Top of Data for this exercise
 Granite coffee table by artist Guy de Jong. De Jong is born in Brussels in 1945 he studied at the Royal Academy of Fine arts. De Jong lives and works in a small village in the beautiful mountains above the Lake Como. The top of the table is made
Bottom of Data for this exercise
Top of Data for this exercise
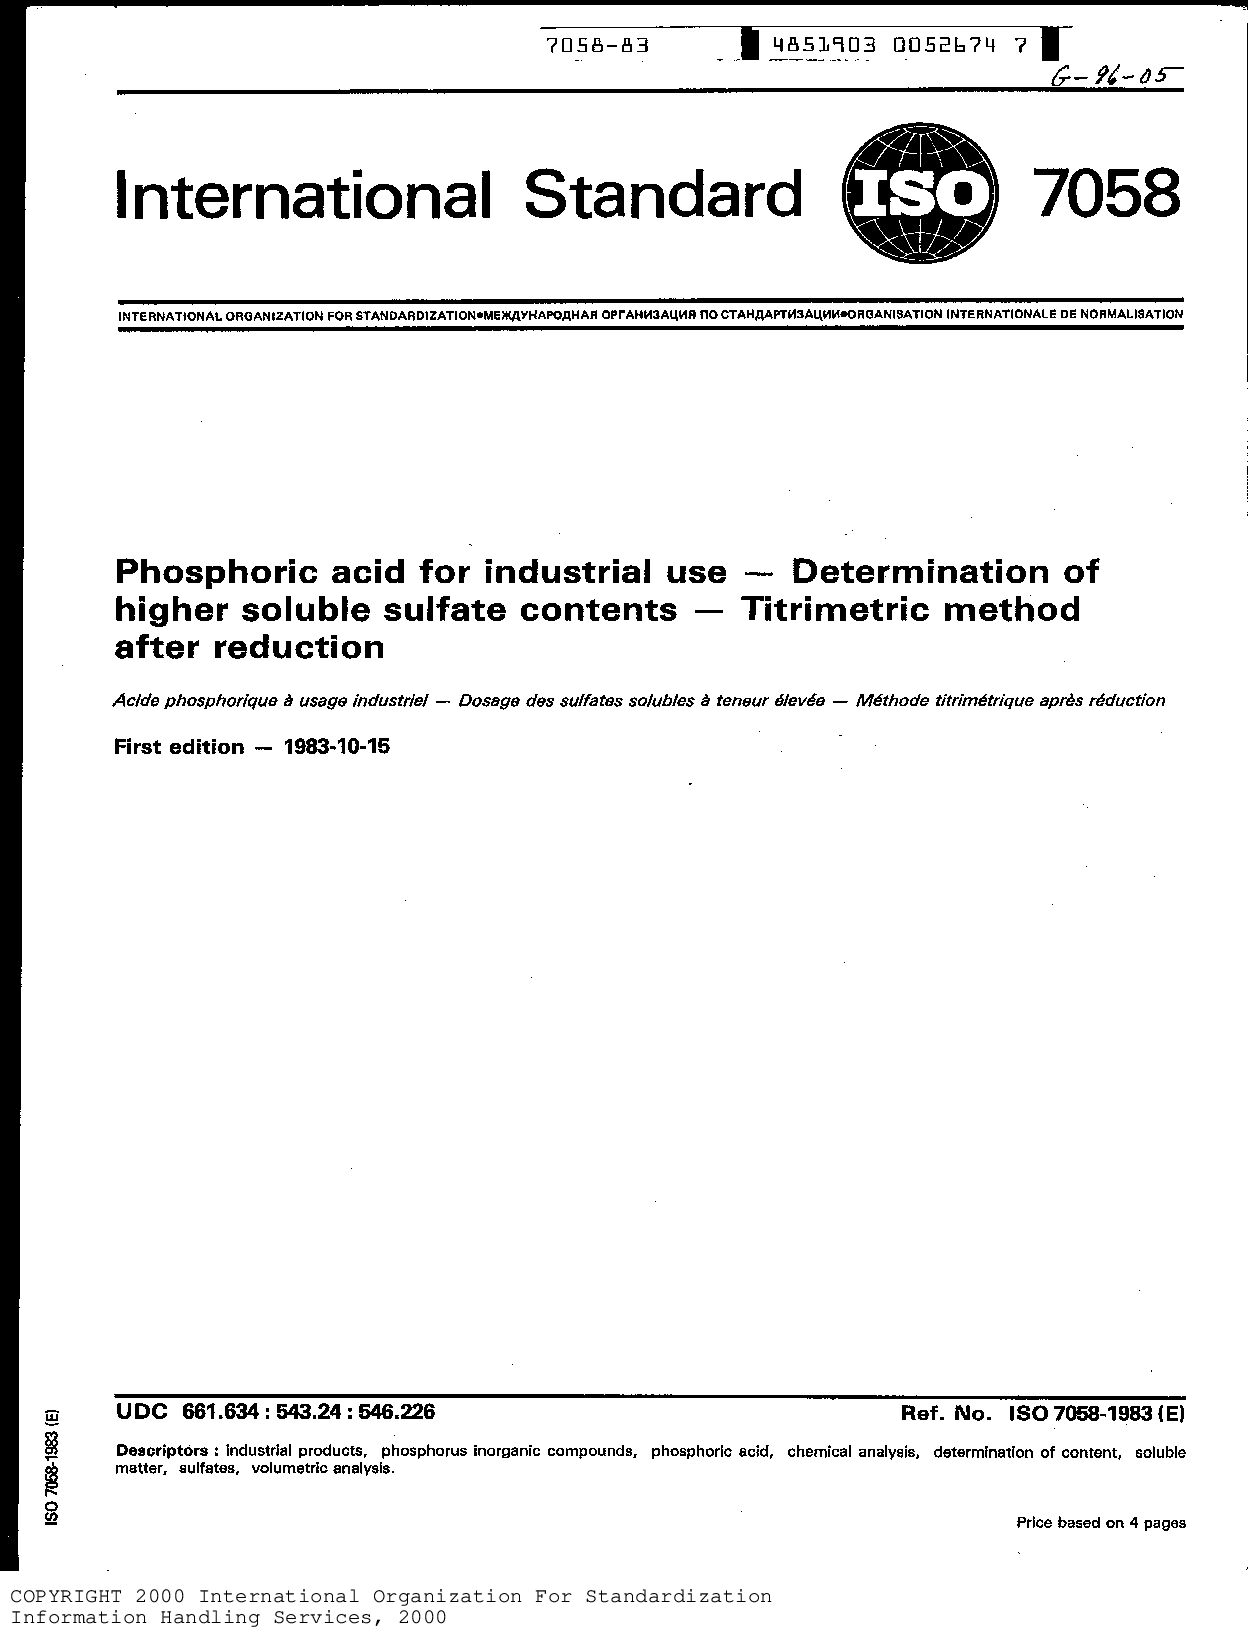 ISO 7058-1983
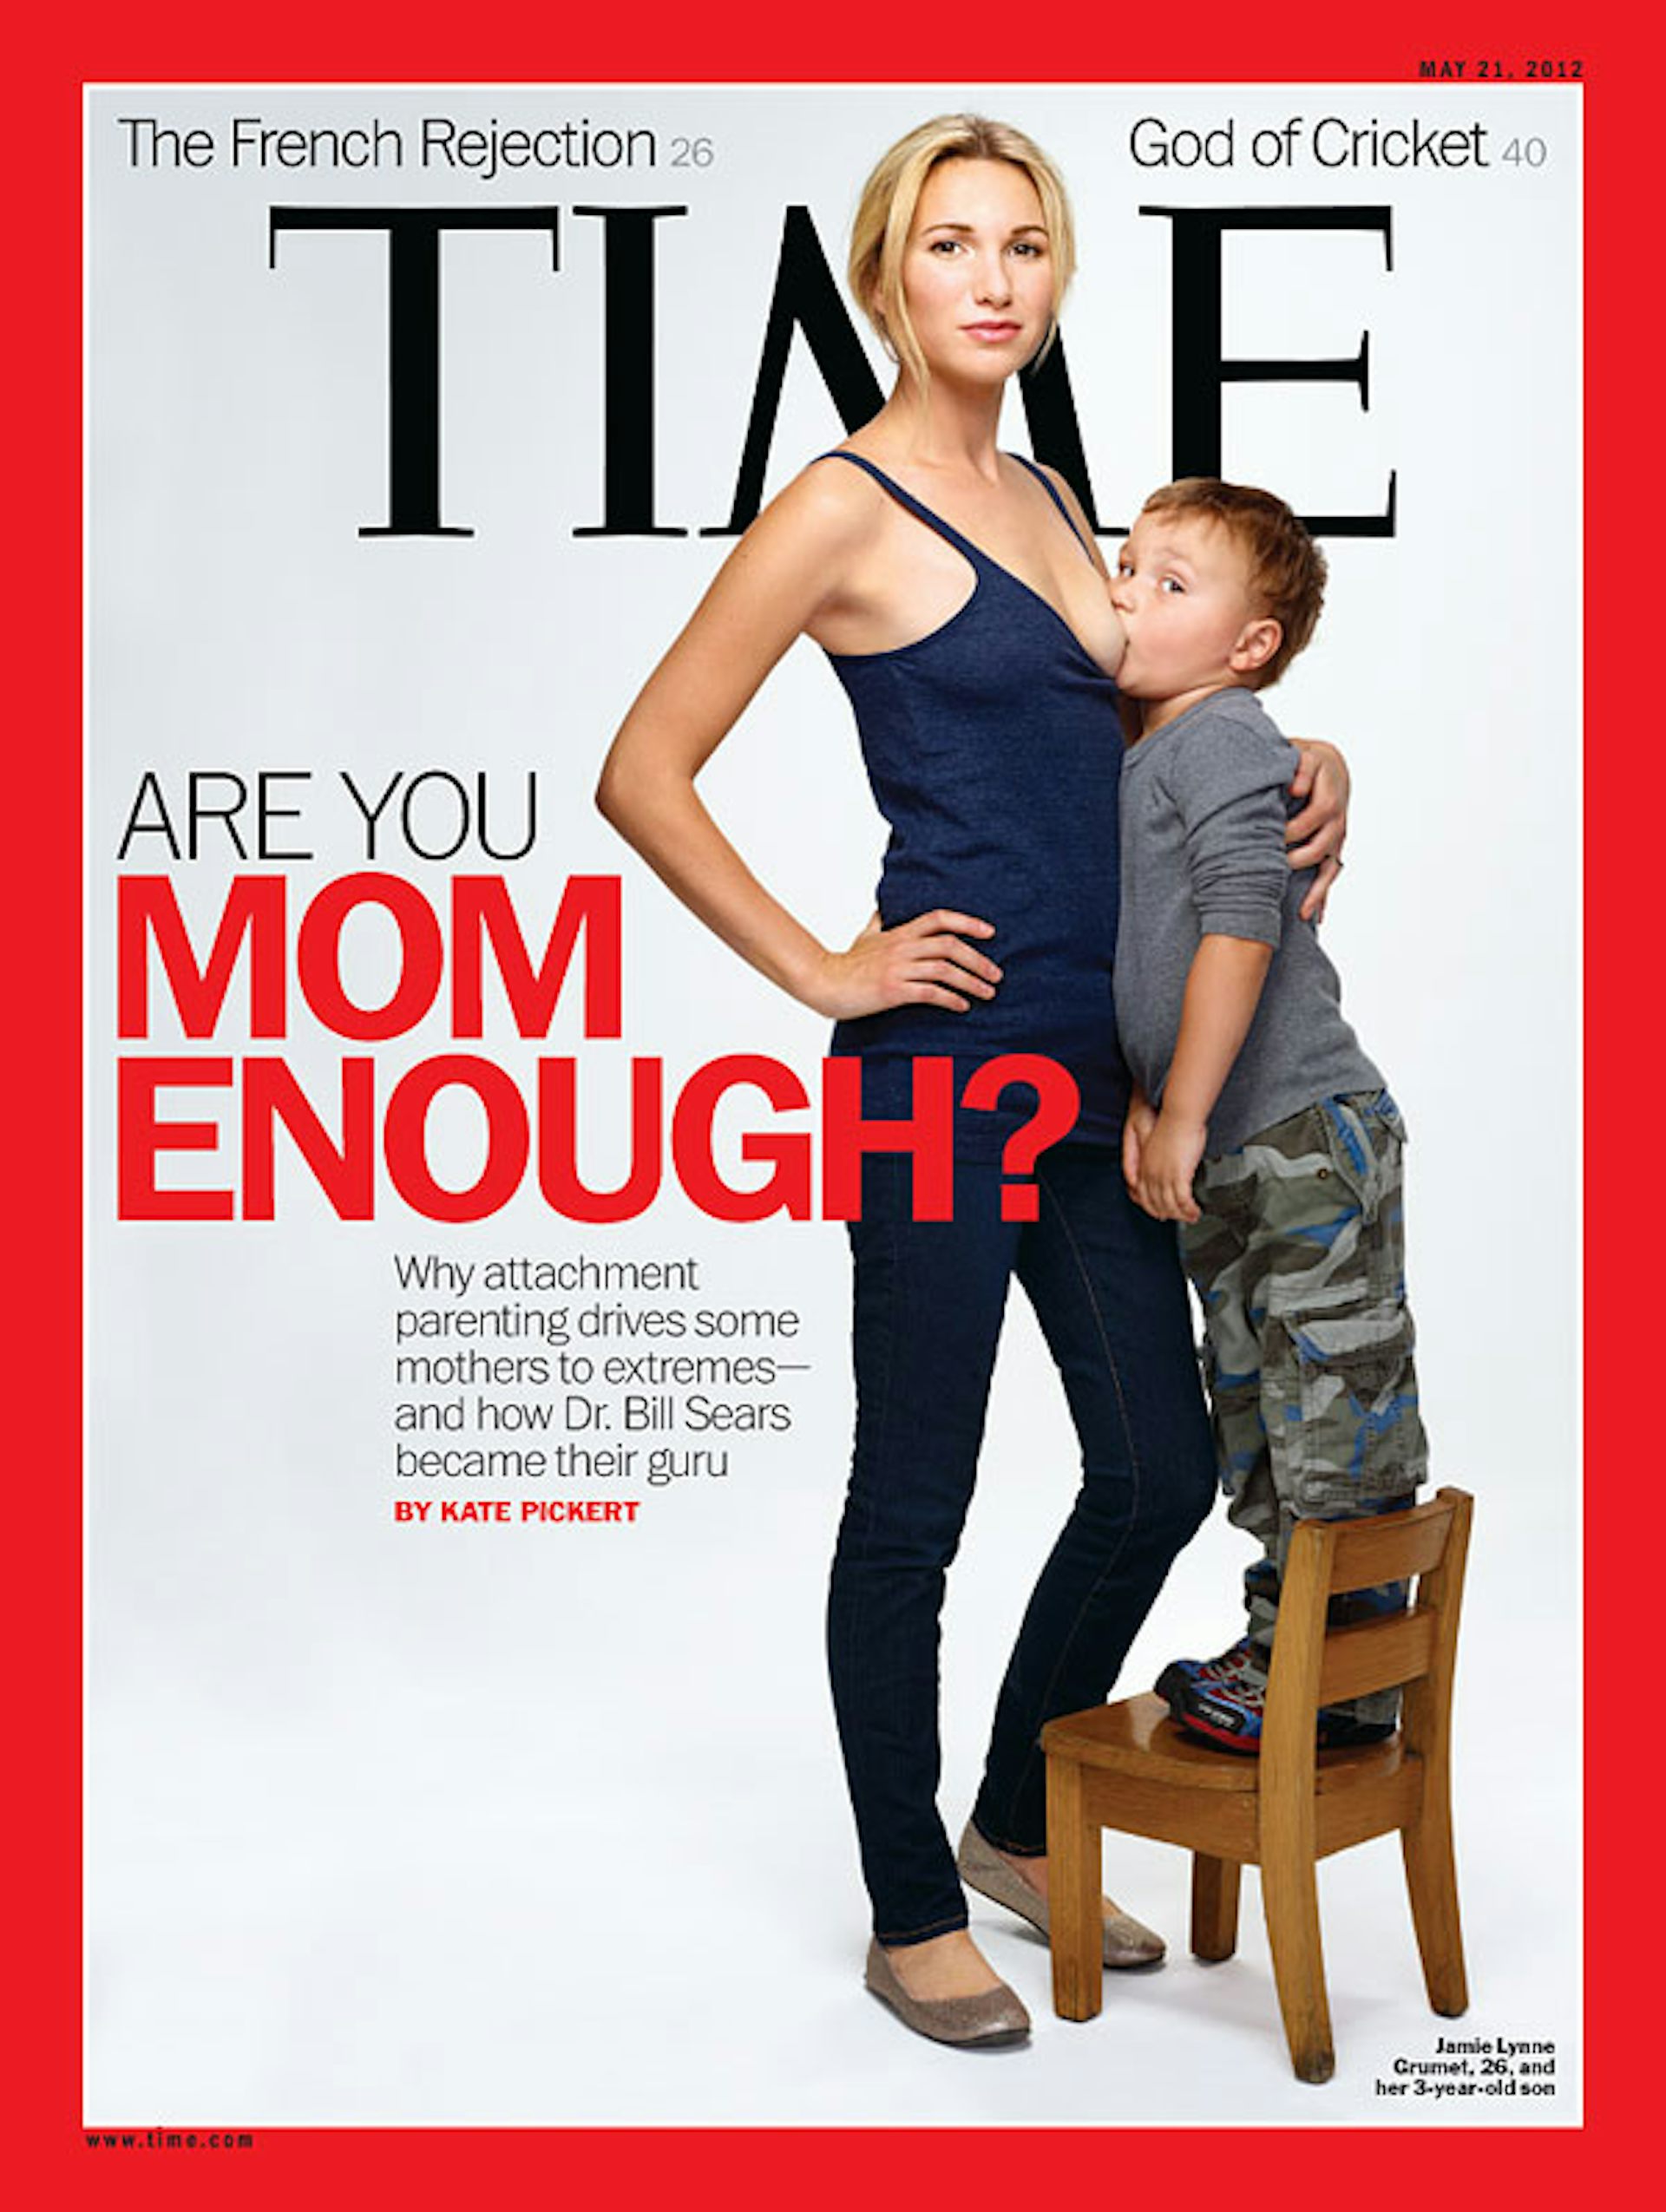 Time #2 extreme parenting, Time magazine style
Bottom of Data for this exercise
* _Exercise details_
Skipping the pictures, print the lines in the listing above exactly as written, starting at the line with "ISO 7058-1983" and ending at the line with "Time #2 extreme", both included.

* _Answer area_
 ISO 7058-1983
 Time #2 extreme parenting, Time magazine style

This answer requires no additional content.